In contrast, signal transduction proteins in the humoral immune response are largely maintained in strict orthology across insect species, but frequently show indications of adaptive amino acid evolution within species. A hypothesized explanation is that the strong maintenance of orthology in these pathways makes them attractive targets for immune suppression by generalist pathogens. This may be a particularly successful strategy for microbes that are unable to evade or resist the recognition and microbicidal stages of humoral immunity. Gene duplication and diversification are not commonly observed here, perhaps because this is not a successful strategy for escaping pathogen interference. Genomic retention of a duplicated gene that can be manipulated by pathogens would be detrimental because host signalling function would be impaired. Instead, rapid fixation of amino acid 'escape' variants in signalling genes seems to be the most effective host strategy, and coordinate compensatory mutation in physically interacting proteins may amplify the signal of adaptive evolution in this functional category.
Recognition factors and opsonins in the cellular immune response evolve by adaptive amino acid evolution and frequent genomic turnover. In general, little is known about the specific activities and recognition profiles of these genes, making it difficult to interpret the evolutionary patterns in a functional context.
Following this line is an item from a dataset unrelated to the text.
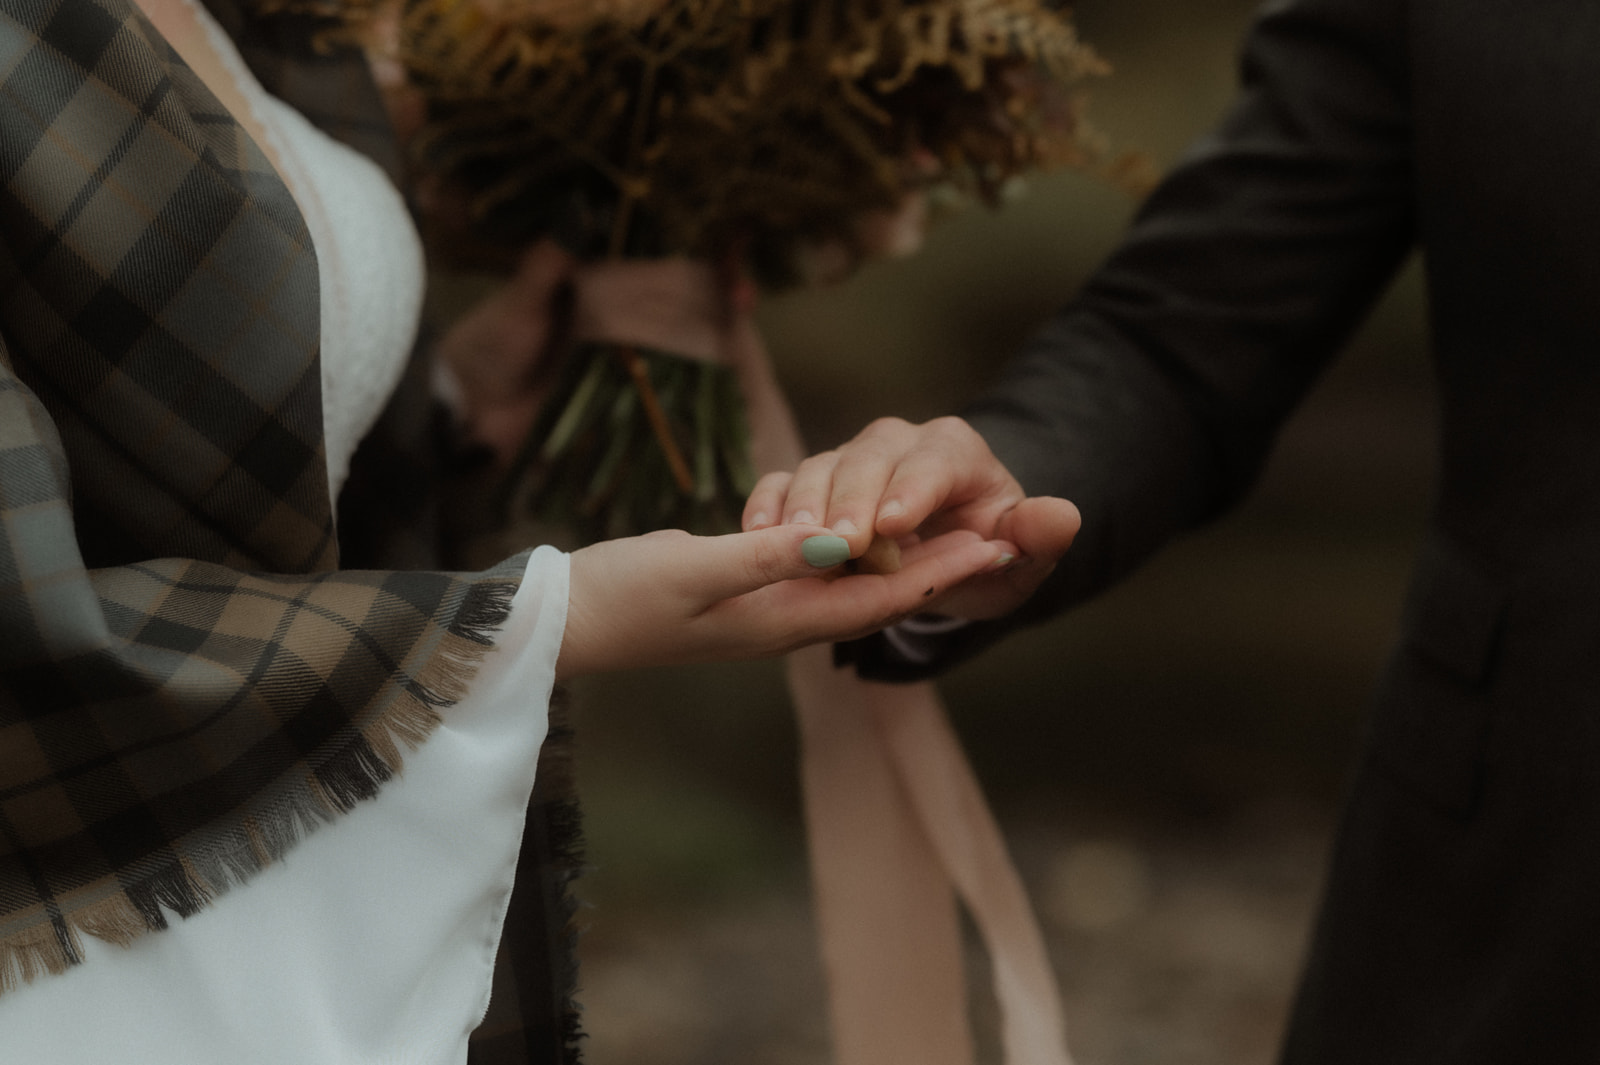 Serena e Andrea - Un matrimonio ancestrale nelle Highlands scozzesi

The evolutionary genetics, however, do lead to functional predictions, including that the cellular recognition factors bind evolutionarily labile pathogen epitopes or are subject to pathogen interference, both of which could drive rapid amino acid evolution. At the moment, virtually nothing is known about the molecular evolution or population genetics of host genes that drive phagocytosis after pathogen recognition. Microbes are capable of manipulating host cells both to promote and inhibit phagocytic uptake (Schmid-Hempel, 2008), leading to the prediction that genes encoding the machinery of phagocytosis will, like genes in humoral signalling pathways, show abundant evidence of adaptive evolution.